The solo exhibition Destination/El Destino: a decade of GRAFT concentrates on the decade-long series of artworks by Chicago-based, Puerto Rican artist, educator, and organizer Edra Soto, while speculating on the evolution of this work towards establishing more emotionally transformative and healing public spaces. Activating the indoor/outdoor feature of the main gallery, Soto will build an immersive installation of porous sculptures, documentary photographs, drawings and games that create a playful and open environment for discussing cultural hybridity.
Through the GRAFT series of sculptures, wall reliefs and installations, Edra Soto explores vernacular architecture familiar to the artist’s native Puerto Rico to address the adaptability and hybridity of cultural representation. GRAFT makes reference to two common domestic architectural elements: the quiebrasoles, which are distinctly ornate concrete blocks, and rejas, ornamental grilles or screens typically made of wrought iron. Both are arranged in decorative geometric patterns to create shade or act as a protective barrier between the street and the home. Recent iterations of GRAFT include small viewfinders embedded in the void of geometric patterns in Soto’s installations. In peering through the viewfinders, the audience is met with images of Soto’s childhood home, scenes from various neighborhoods, destruction from hurricane Maria, screenshots of television commercials, and magazine advertisements. In previous GRAFT work, all photo documentation has come from Soto’s personal archive. For Destination/El Destino, Soto will collaborate with Puerto Rican and US-based artists to include their photographs and expand the voices and visions represented in the architecture.

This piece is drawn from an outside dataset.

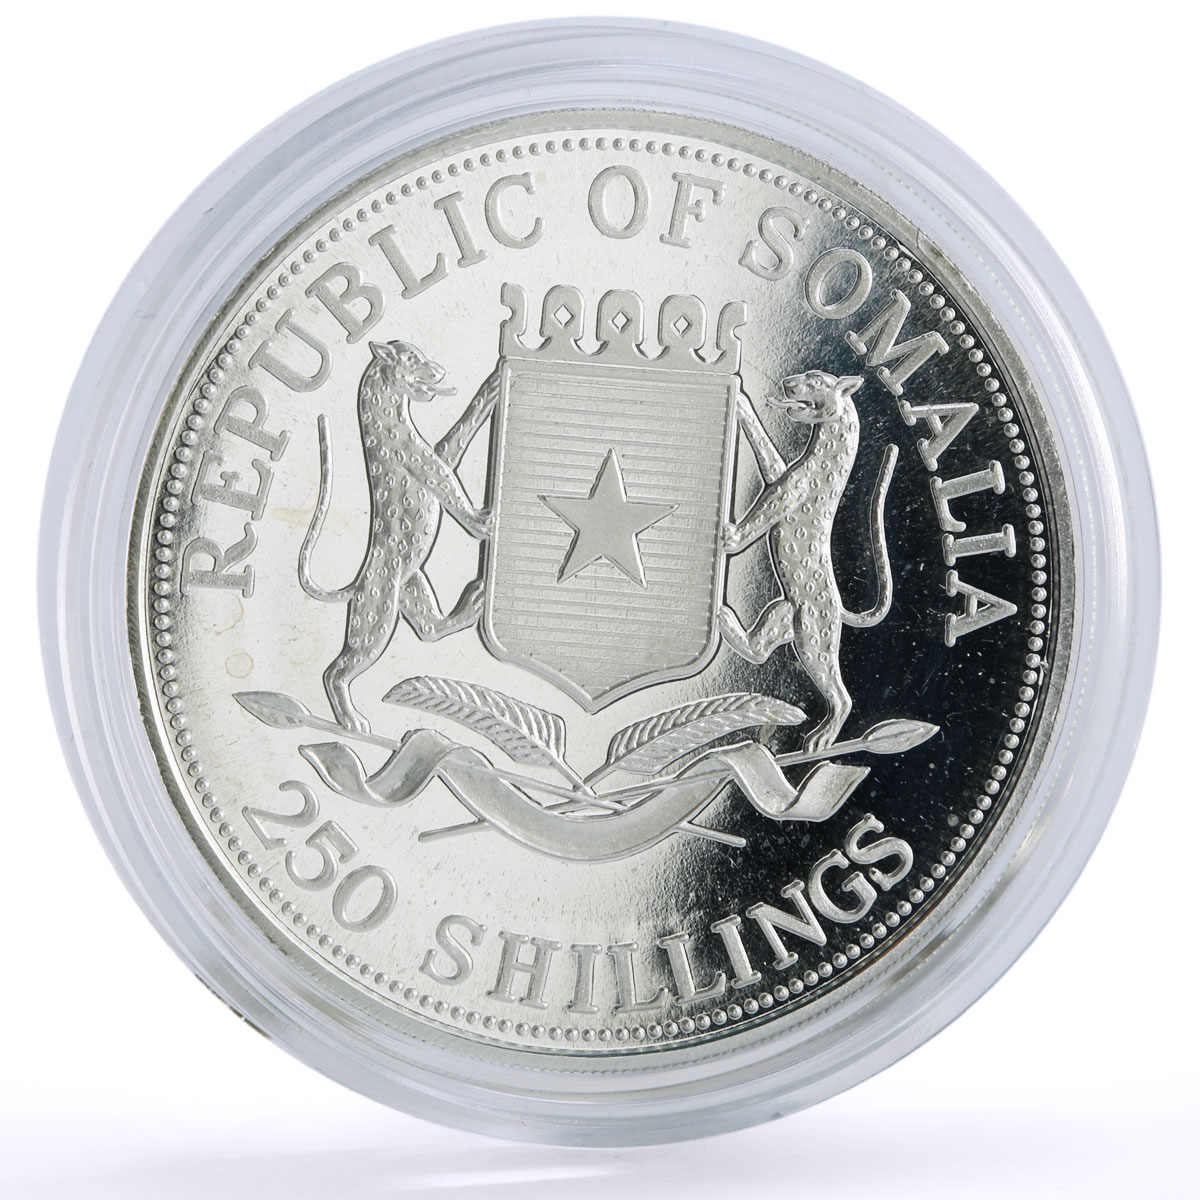 Somalia 250 shillings Conservation Wildlife Spurfowl Bird Fauna silver coin 1998

Edra Soto is a Puerto-Rican born artist, curator, educator, and co-director of the outdoor project space, The Franklin. Soto has exhibited extensively at venues including El Museo del Barrio, NY; Crystal Bridges Museum of American Art’s satellite, The Momentary, AK; Albright-Knox Northland, NY; Museum of Contemporary Art of Chicago, IL; Smart Museum, IL and the Abrons Arts Center, NY. Recently, Soto completed a large-scale public art commission titled “Screenhouse”, currently on view at Millennium Park in Chicago. The artist has attended residency programs at Skowhegan School of Painting and Sculpture, Beta-Local, the Robert Rauschenberg Foundation Residency, Headlands Center for the Arts, Project Row Houses and Art Omi, among others. Soto has been awarded the Efroymson Contemporary Arts Fellowship, the Illinois Arts Council Agency Fellowship, the inaugural Foundwork Artist Prize and the Joan Mitchell Foundation Painters & Sculptors Grant, among others. Between 2019-2020, Soto exhibited and traveled to Brazil, Puerto Rico, and Cuba as part of the MacArthur Foundation’s International Connections Fund. Soto holds an MFA from the School of the Art Institute of Chicago and a bachelor’s degree from Escuela de Artes Plásticas y Diseño de Puerto Rico. The artist lives and works in Chicago.